O Globo
Um desastre nem sempre tem uma causa única. A
Argentina não chorará por nós, seu grande vizinho e rival
Quando era menino, jogávamos futebol num
campo improvisado. Um dia, chegou um circo perto do campo. Um ator veio nos ver
jogar. Chamava-se Raul e trabalhava todas as noites. O circo encenava um
dramalhão ao som de uma música de Vicente Celestino:
Disse um campônio à sua amada/ Minha
idolatrada, diga o que quer. A amada pedia o coração da mãe do
campônio. E, todas as noites, Raul aparecia com o coração num prato. Fora
disso, era um bom cara.
Um dia, depois do jogo, ele disse para o
nosso time:
— Vocês jogaram com alma. Aprendam isto: tudo o que fizerem na vida, façam com alma.
Lembrei-me dele vendo o jogo da Argentina.
Eles perdiam por 2 a 0, faltavam pouco menos de 20 minutos. Viraram para 3 a 2
e ainda choraram ao comemorar a vitória. Isso é alma.
Ela não aparece apenas nas vitórias. O time
de Cabo Verde tem alma. Vem de um arquipélago de 530 mil habitantes, compete
pela primeira vez, empata com uma campeã do mundo, a Espanha; dá um tremendo
trabalho à outra campeã, a Argentina.
O nome do goleiro, Vozinha, já é um indício
de emoção. Quando o lateral faz um gol, dispensa abraços, corre para a
arquibancada e dá um beijo na amada.
Pensando no Brasil, pergunto-me onde perdemos
a nossa alma. Foi na tática passiva do técnico? Foi na declaração do craque de
que deveria estar de férias, mas era obrigado a jogar o Mundial de Clubes? Ou
foi nessa tóxica mistura de cartolas e ministros do STF?
Um desastre nem sempre tem uma causa única. A
Argentina não chorará por nós, seu grande vizinho e rival. O Brasil virou
apenas uma lembrança. Temos de sair em busca da alma perdida. Lamento também
por Bangladesh: todos aqueles olhos brilhando sem perceber que o Brasil que
admiram não existe mais. Somos apenas um pedaço de história no futebol e um
país do futuro que jamais chegou.
É muito arriscado estabelecer uma relação
entre o futebol e o país.

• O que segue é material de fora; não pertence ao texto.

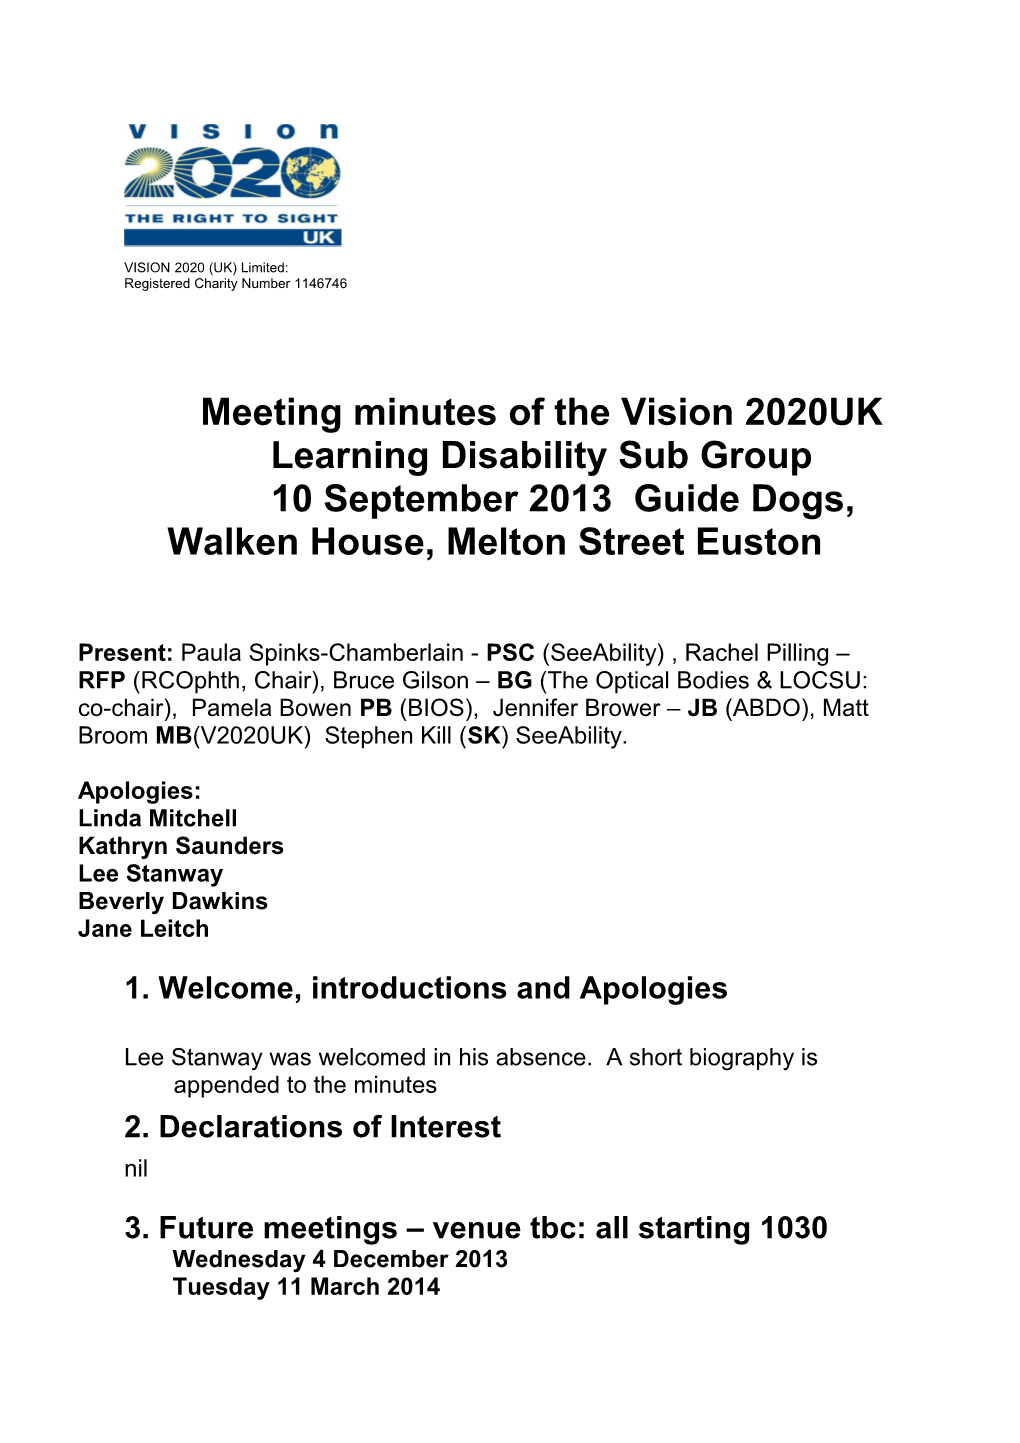 Meeting Minutes of the Vision 2020UK

A Noruega foi mais longe que a Suécia. Isso significa
alguma diferença nacional? Não creio. Dentro dos seus limites, ambos vão bem e
orgulham seus habitantes.
O Brasil vive um momento especial. Há um
escândalo no ar, sem as consequências que teria em outros países. O embate
político não promete um futuro desejável.

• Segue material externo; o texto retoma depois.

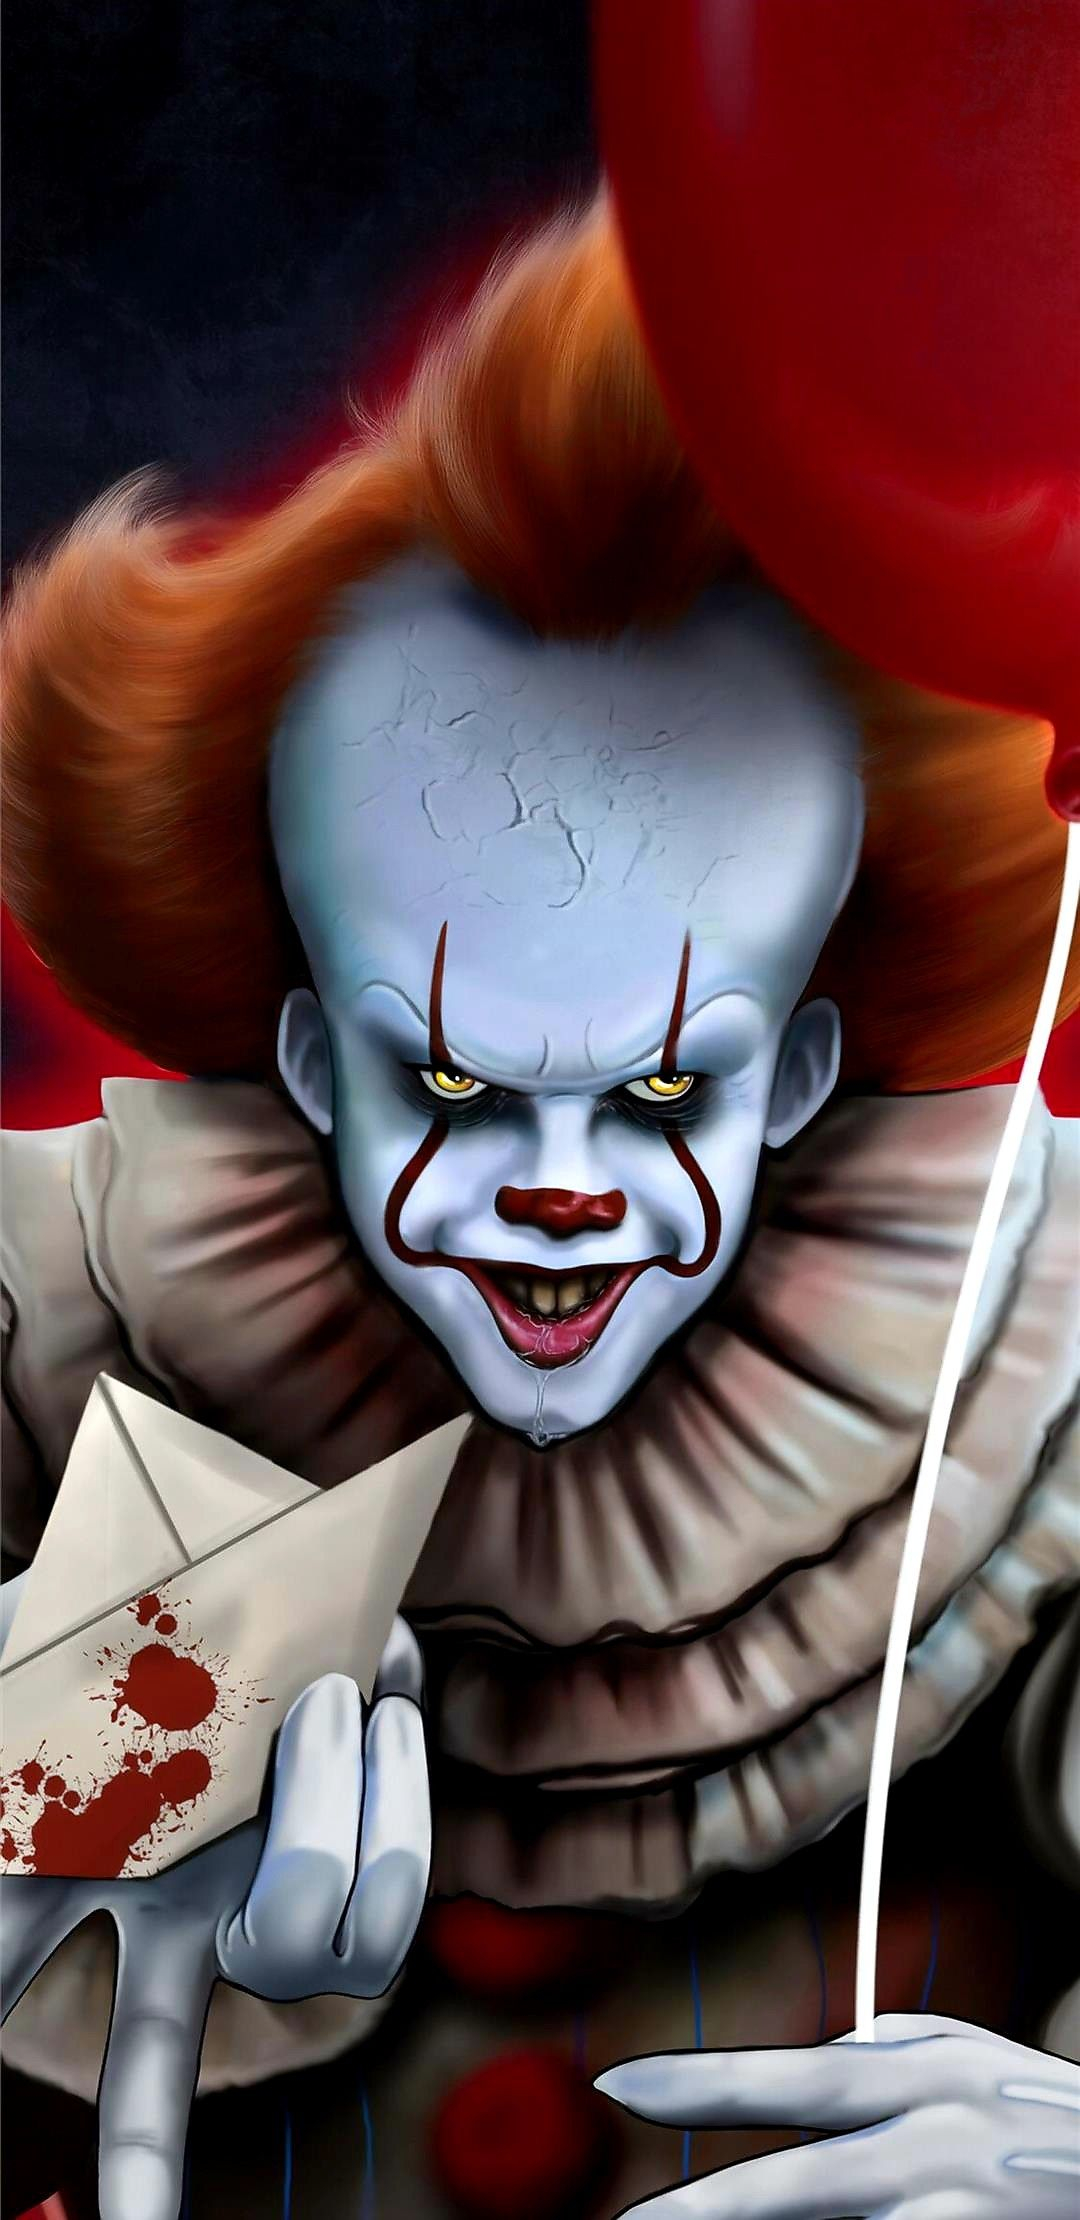 1080x2220 Pin by Brian on Pennywise/IT | Scary wallpaper, Horror artwork, Halloween wallpaper iphone

Aqui na nossa província, quase todo dia um
político é preso, uma nova roubalheira é descoberta. Sentimos que somos
governados por bandidos e, o que é pior, estamos naturalizando essa aberração.
Da mesma forma que convivemos em silêncio com a ocupação armada do território
urbano pelo tráfico e pela milícia.
Pode ser que estejamos perdendo a alma,
lentamente, fora do campo também. Nesse caso, o trabalho para recuperá-la é
muito amplo, transcende a formação de um time competitivo.
É algo mais parecido com a lição do ator
Raul. Não se trata apenas de fazer as coisas com alma, mas de ter orgulho de
ser brasileiro. Não creio que seja tão difícil assim. Vivemos tempos
complicados, com o avanço de tendências autoritárias, mas temos tudo para achar
um caminho, mesmo nessa loucura do mundo. Mas, antes, temos de voltar a ter
alma.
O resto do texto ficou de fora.